The holidays are over but winter is still here to stay for a few more months, and that means dog owners and their pups have to endure the cold for a little longer.
Some dog breeds thrive in the winter, but, just like people, not all canines love colder weather. Whether your pooch adores snow or prefers warmer temperatures, Erin DeAngelis, a category manager with Pet Supplies Plus, has tips that will help all pet owners keep their dogs happy and healthy through the winter.
Read on to see the simple adjustments any dog owner can make to ensure their pet has the best winter possible.

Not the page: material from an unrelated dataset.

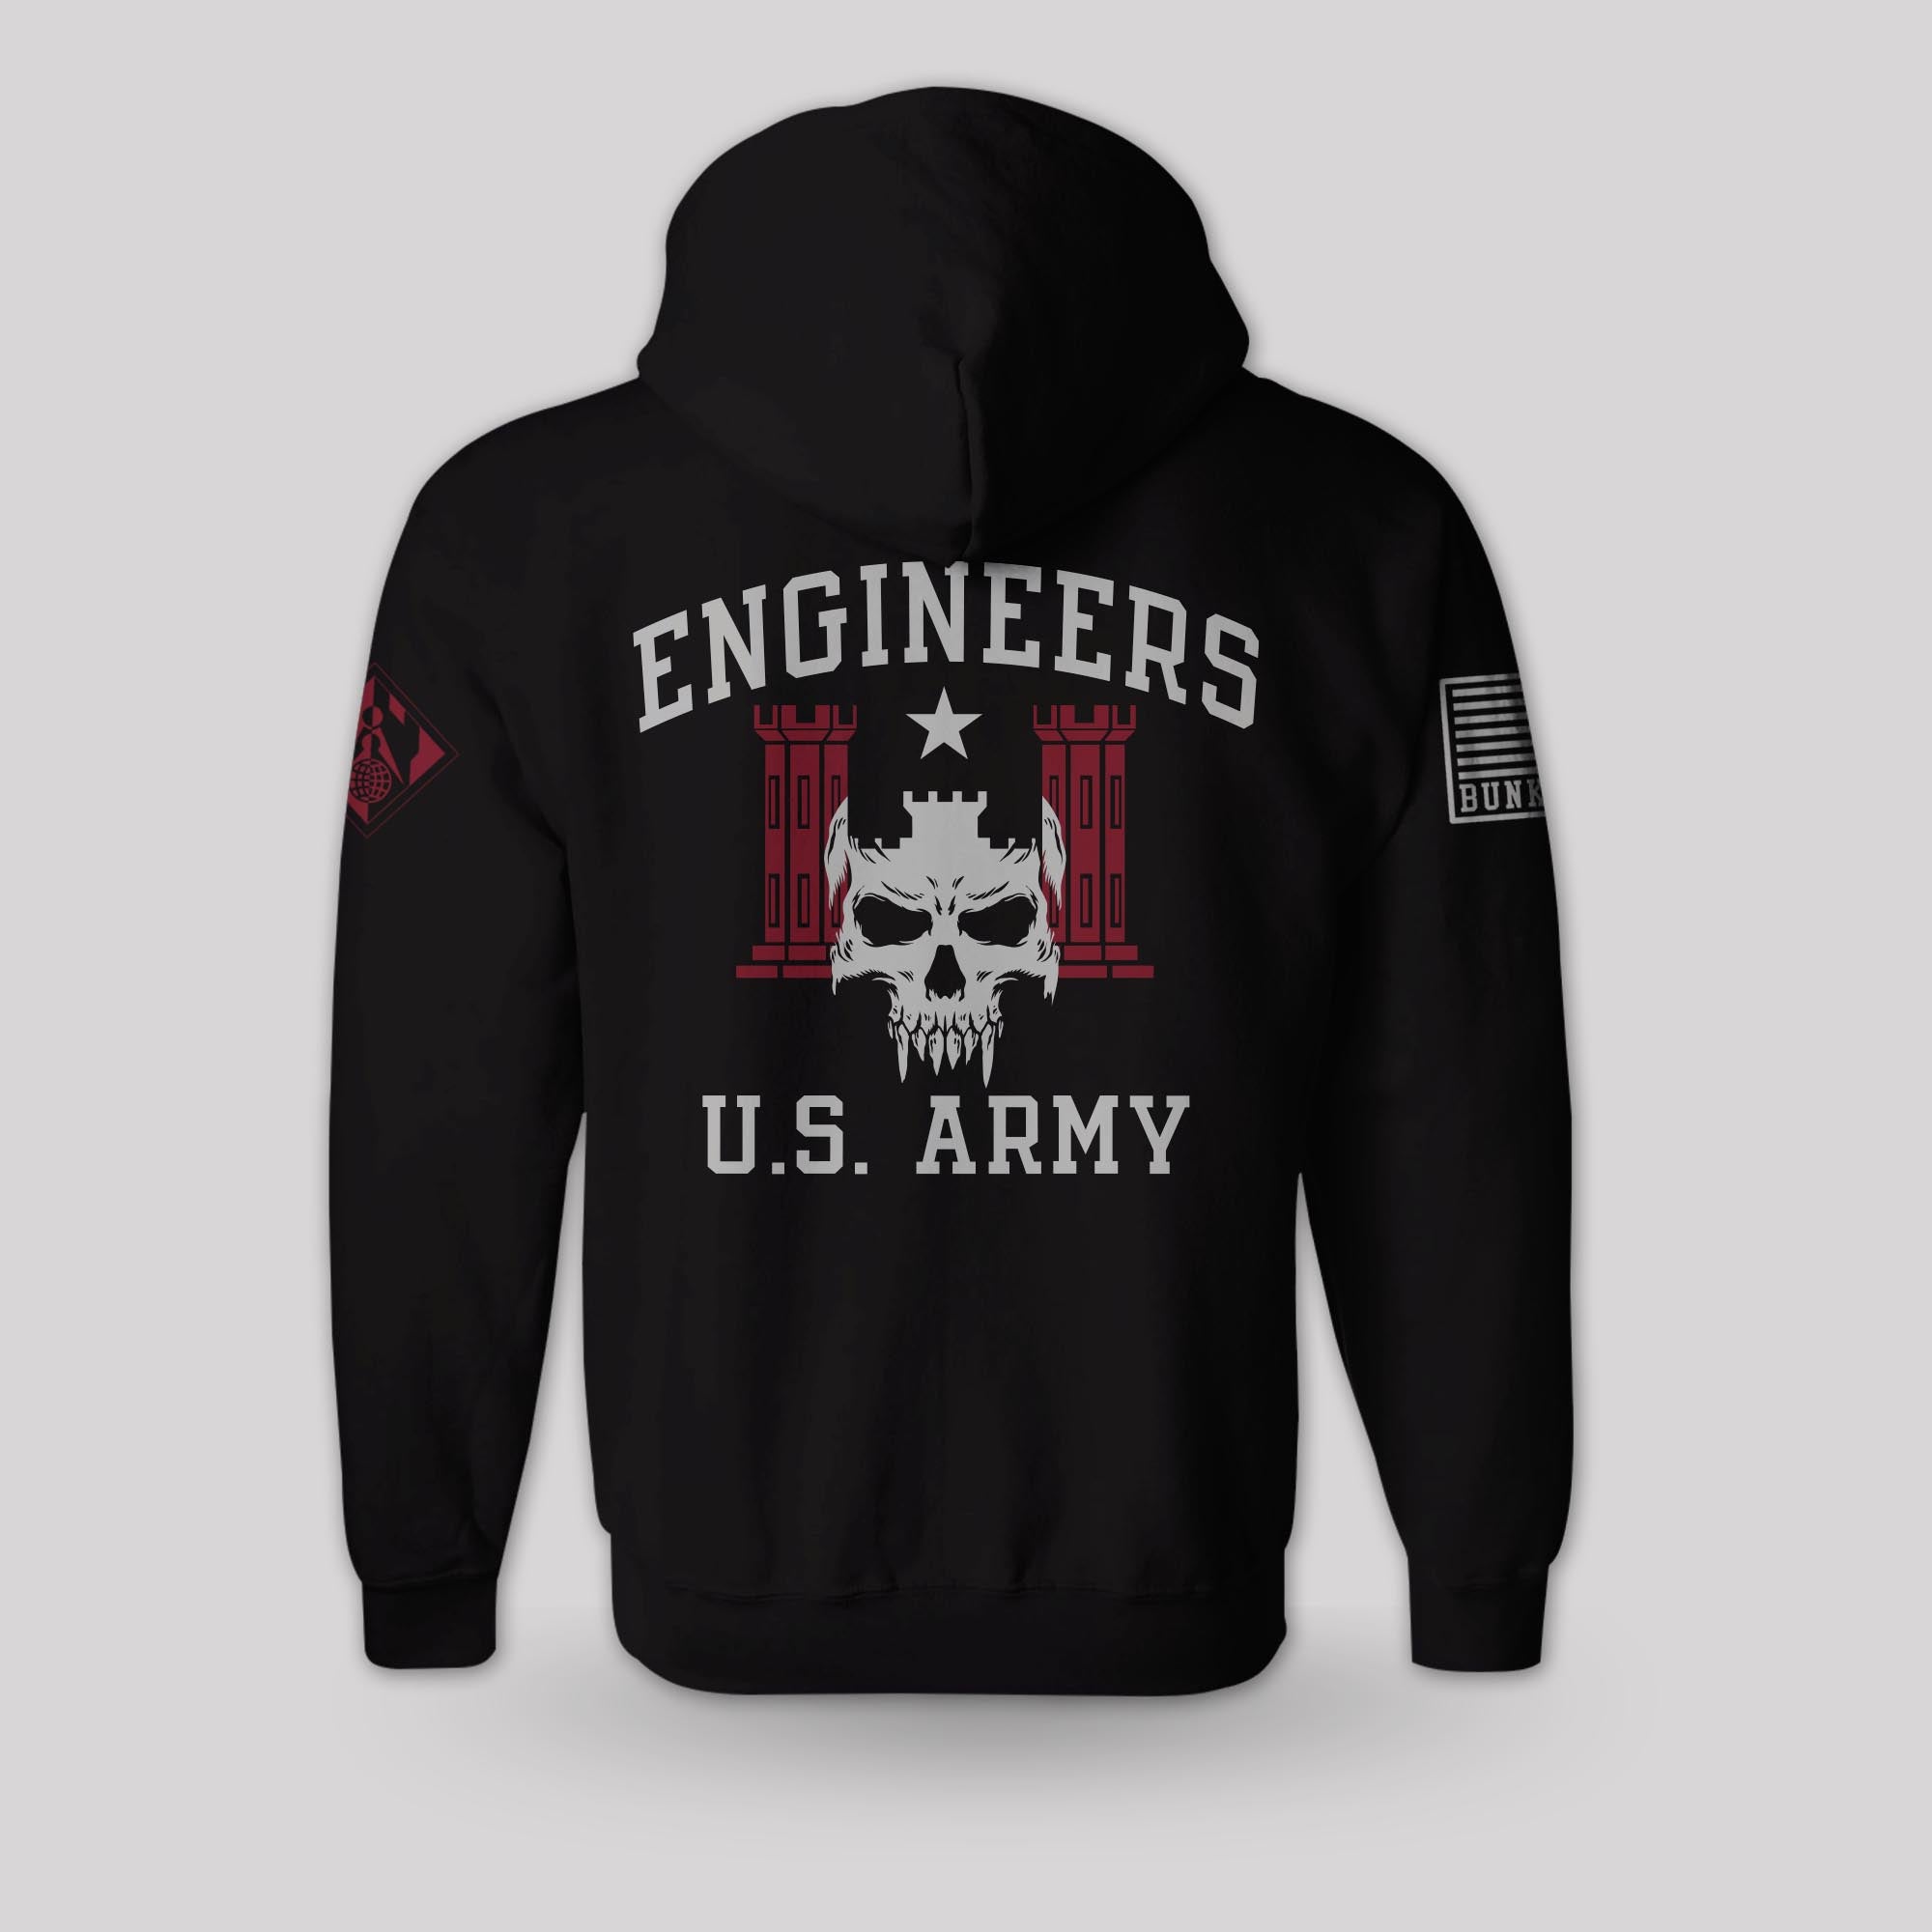 Engineers Hoodie - Army

Set aside time to prepare for walks: When you're planning your day, add in an extra 15 minutes to your walk time — this is for gearing up and settling back in, which you definitely don't want to skip. Even though your dog is covered in fur, that layer is not incredibly warm, making it important that you get them into an insulated vest.
Gear up: A vest is just the start of the gear you can use to make the winter weather more bearable for your pup. Booties are great if you can get your dog used to them as they protect from the cold, irritating ice melt used on sidewalks, and potentially hazardous objects hidden in the snow. Start by having them wear them around the house. And, with shorter days, morning and evening walks may be in the dark, making it super important that you stay visible. Reflective harnesses and leashes for your dog work great. You may also find it helpful to take a backpack on walks filled with a towel (to dry your dog off in case they get wet), a first aid kit for cuts, snacks, and water.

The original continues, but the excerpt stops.